Question

What is the power of a lens? What is the SI unit? Name the type of lens whose power is negative.
The image of an object formed by a lens is real, inverted and of the same size as the object. If the image is at a distance of \[40cm\] from the lens, what is the nature and power of the lens? Draw a ray diagram to justify your answer.

Answer 1

Hint: We are asked to define the power of a lens and find the power and nature of the lens. We start by defining power and identifying the lens with negative power. Then we gather all the information given in the question. We apply the formulas and get the value of focal length and find the reciprocal of it to get the power of the given lens.

Formulas used:
The formula for finding the power of a given lens is,
\[P = \dfrac{1}{f}\]
The formula used to find the focal length of a lens is,
\[\dfrac{1}{f} = \dfrac{1}{v} - \dfrac{1}{u}\]
The magnification is given by the formula,
\[m = \dfrac{u}{v}\]
Where \[v\] is the distance from the lens to the image and \[u\] is the distance from the object to the lens.

Complete answer:
Power of a lens is defined as the reciprocal of its focal length. The SI unit of power is Diopter, it is represented by D. Moving onto the second part, we know that the focal length is the reciprocal of power. If the power of a lens is negative, its focal length must be negative as well. Now we can approach this with respect to the focal length. The focal length of the diverging lens is negative. Concave lens is a diverging lens, hence it has negative power.

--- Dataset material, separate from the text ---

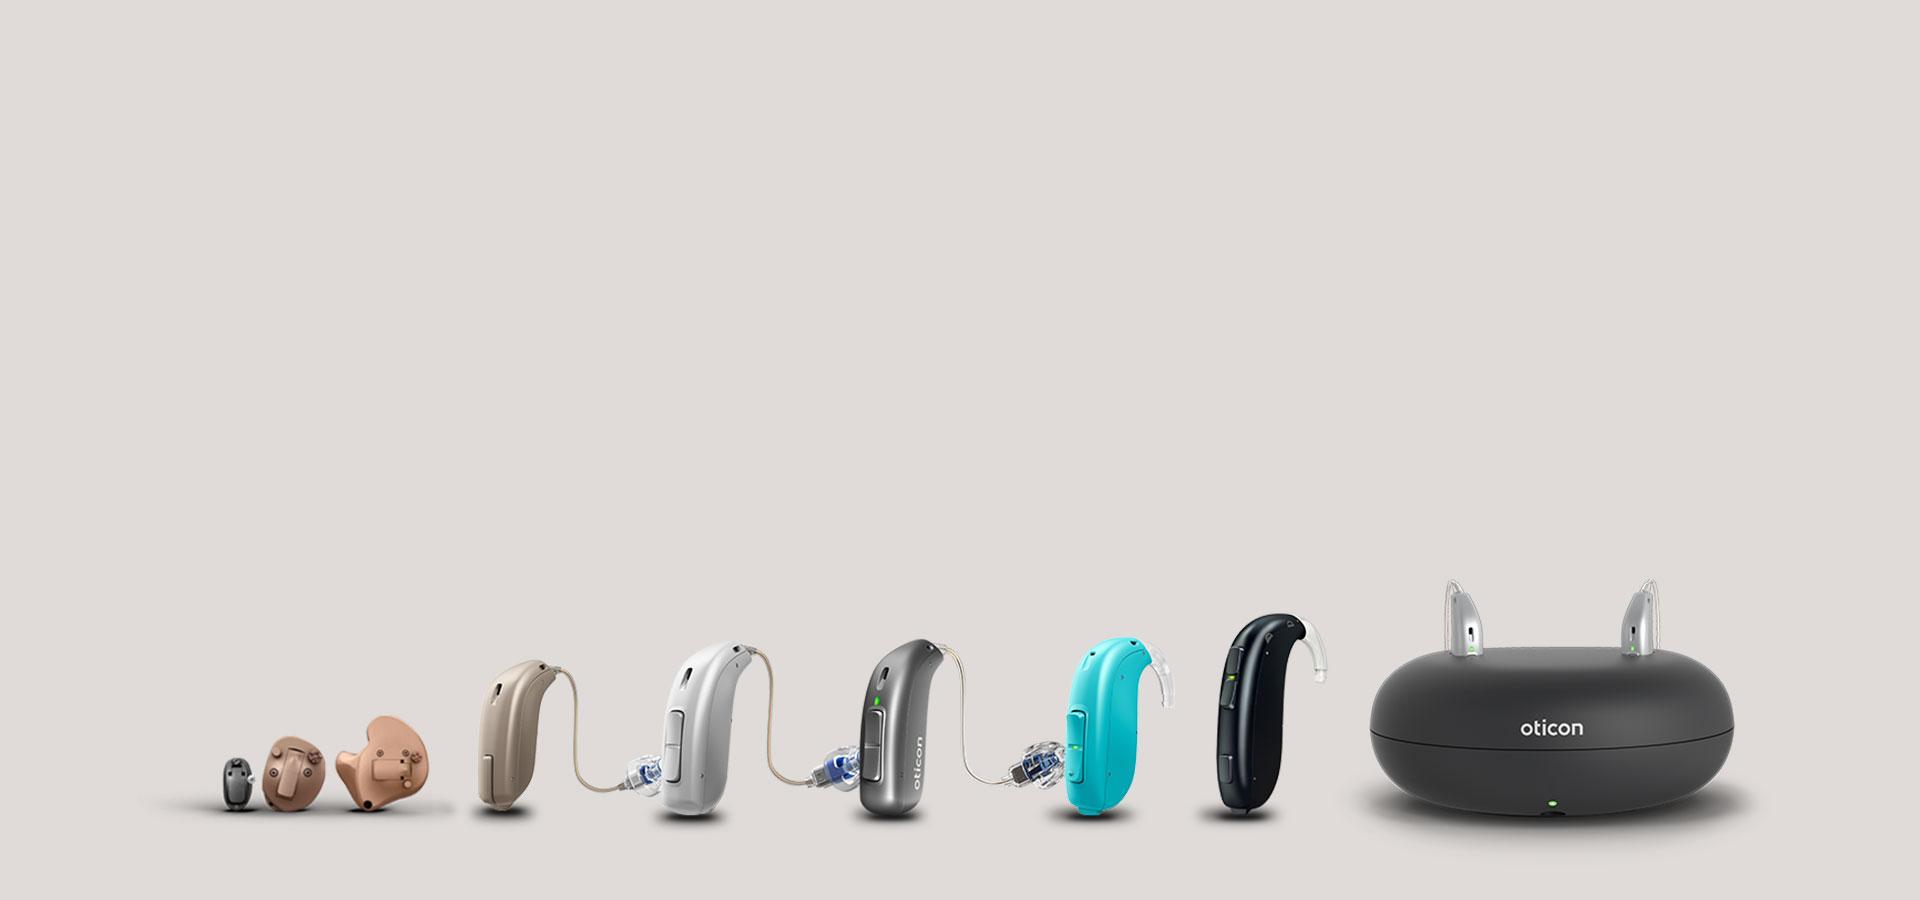 introbanner-kinds-of-hearing-aids-1920x900-v1

The following information is given, the distance from the lens at which the object is placed is, \[u = - 40\,cm\]. It is said that the magnification of the image is one (same size) and the fact that the image is inverted gives us the sign of magnification as negative.

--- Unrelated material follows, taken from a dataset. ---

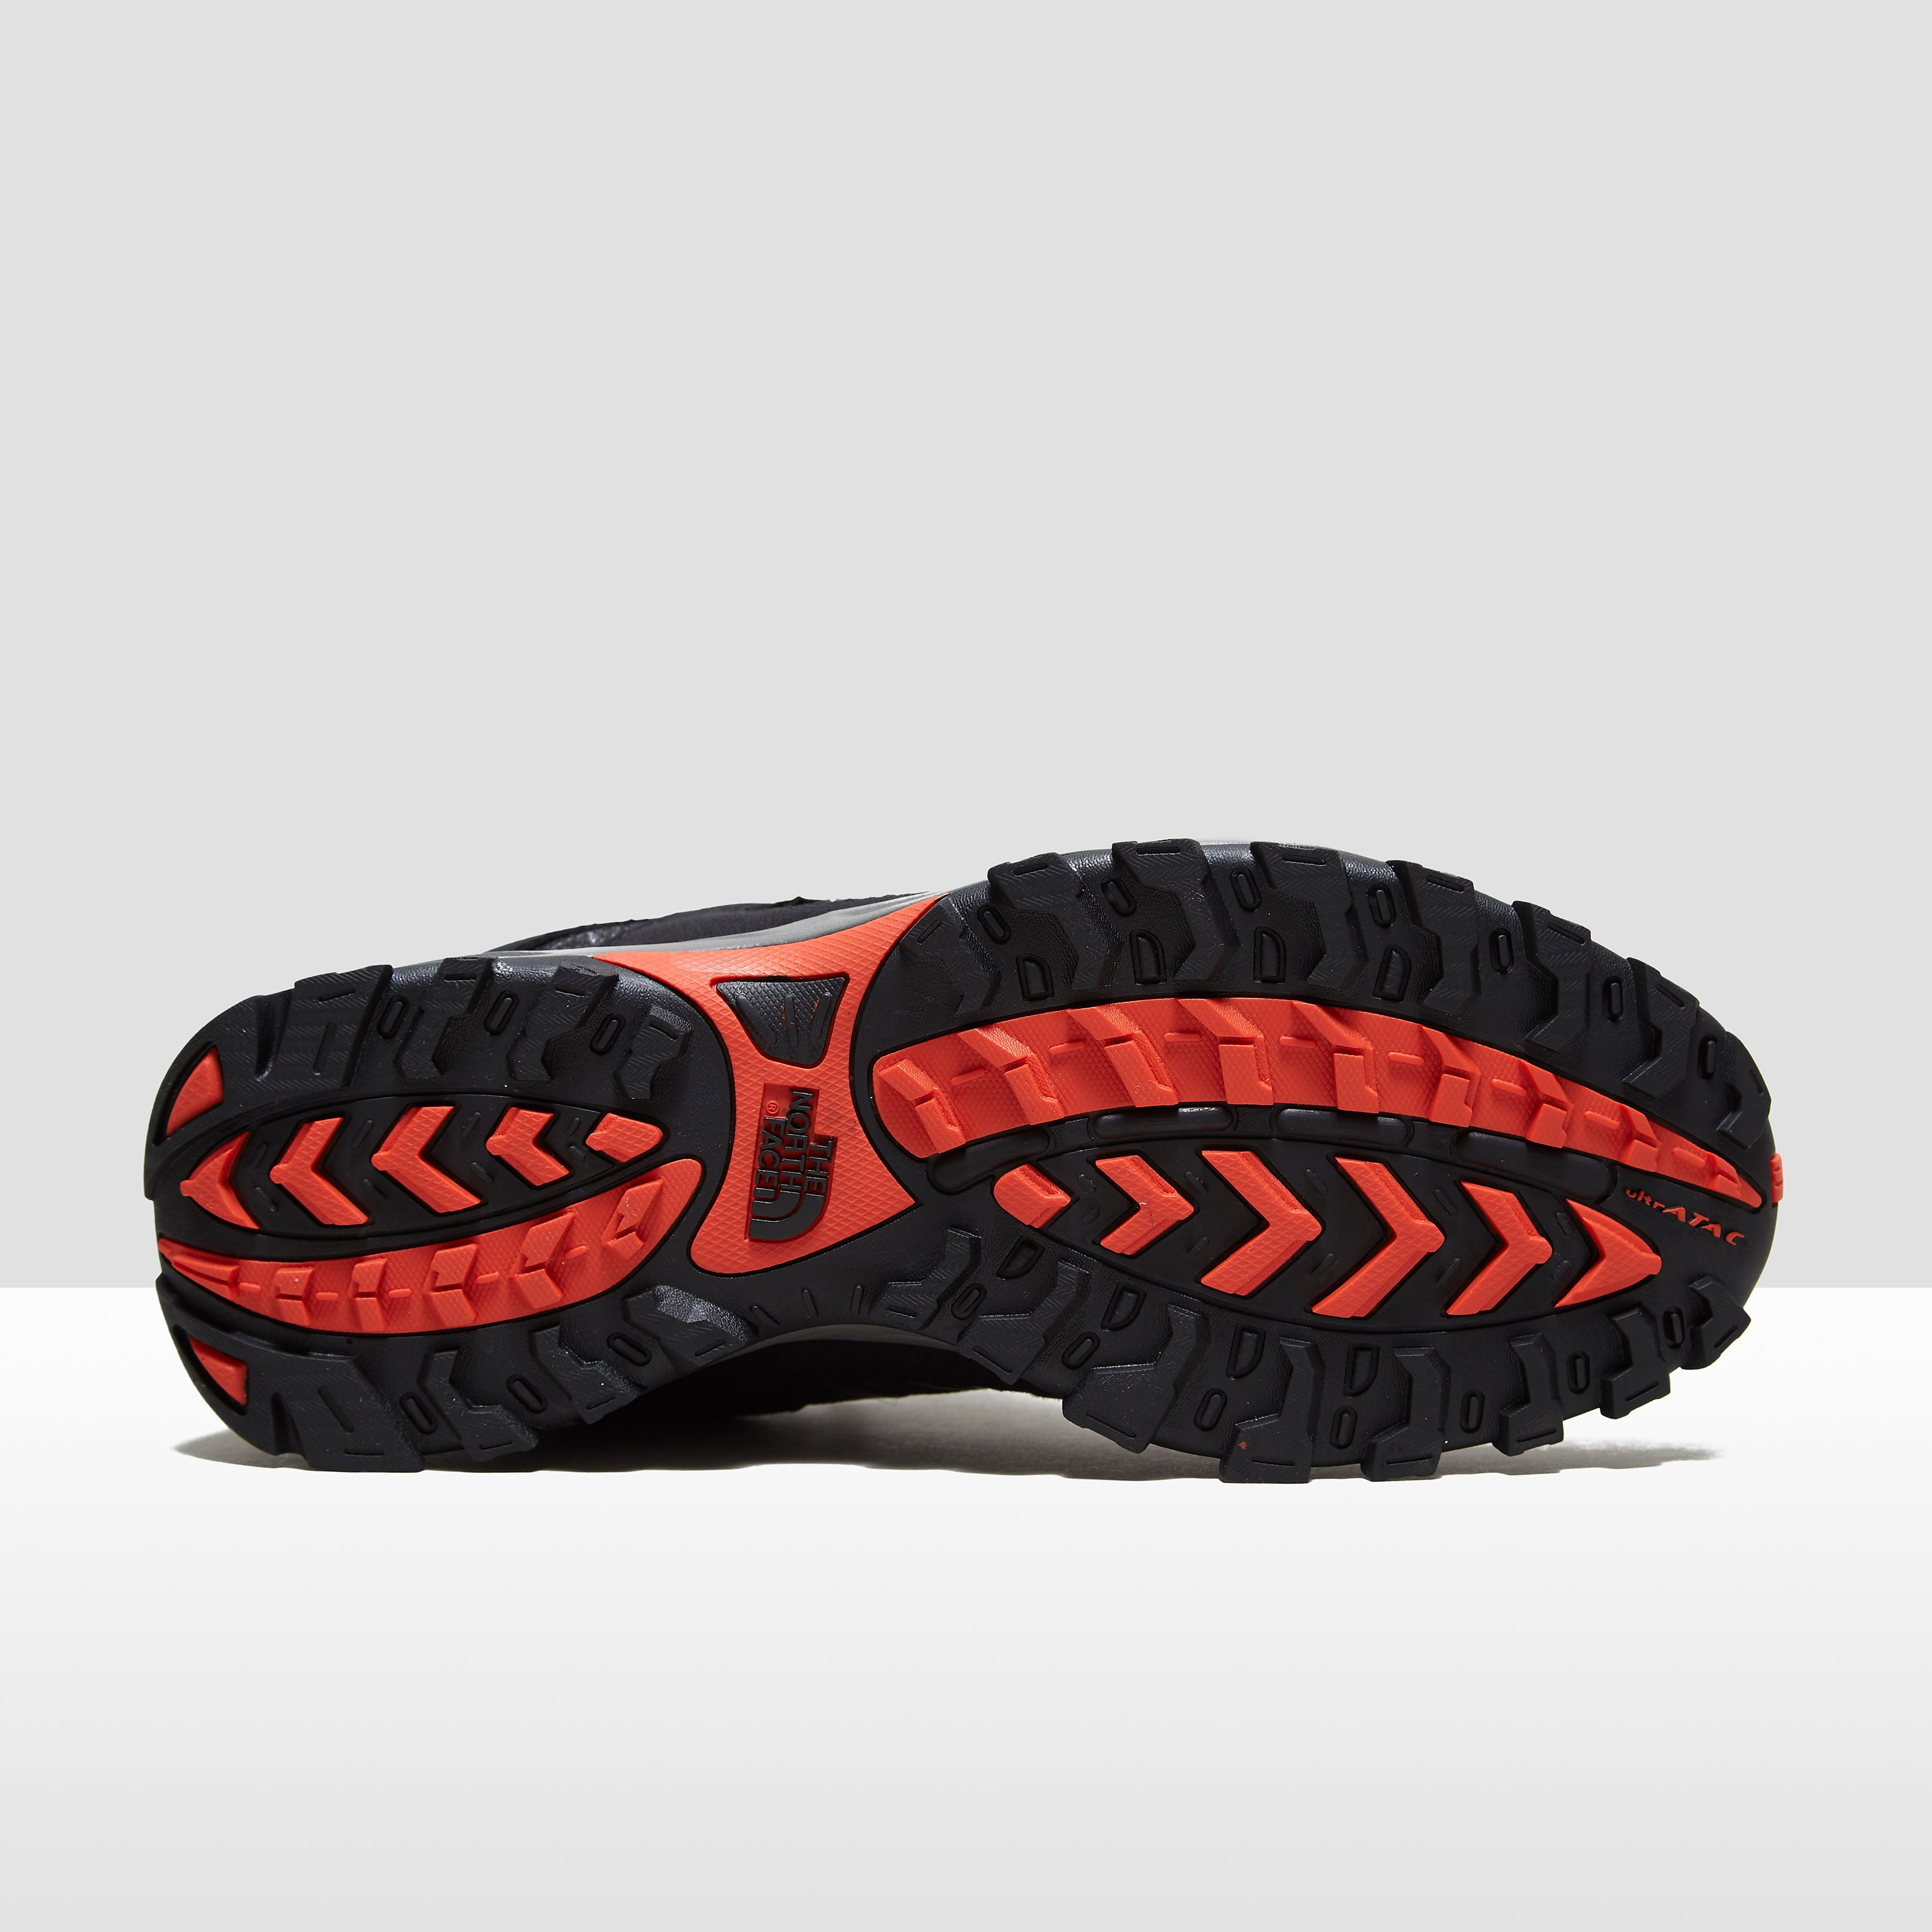 The North Face Terra GTX Men's Walking Shoes

Now with this information we find the image distance,
\[v = \dfrac{u}{m} \\
\Rightarrow v= \dfrac{{ - 40}}{{ - 1}} \\
\Rightarrow v= + 40\,cm\]
We use the formula to find the focal length to get,
\[f = \dfrac{{uv}}{{u - v}} \\
\Rightarrow f= \dfrac{{ - 40 \times 40}}{{ - 40 - 40}} \\
\Rightarrow f= \dfrac{{ - 1600}}{{ - 80}} \\
\Rightarrow f= 20\,cm\]
Now to find the power of this lens, we find the reciprocal and get
\[P = \dfrac{1}{f} \\
\Rightarrow P= \dfrac{1}{{20}} \\
\therefore P= 50\,D\]

Therefore, the power of the given lens is, \[50\,D\].

Note: The place we used the lens formula can be done in another way. In a diverging lens, when the image distance and the object distance are the same, the image and object is found to be at a distance of \[2F\] . We can find the focal length from this relation as well.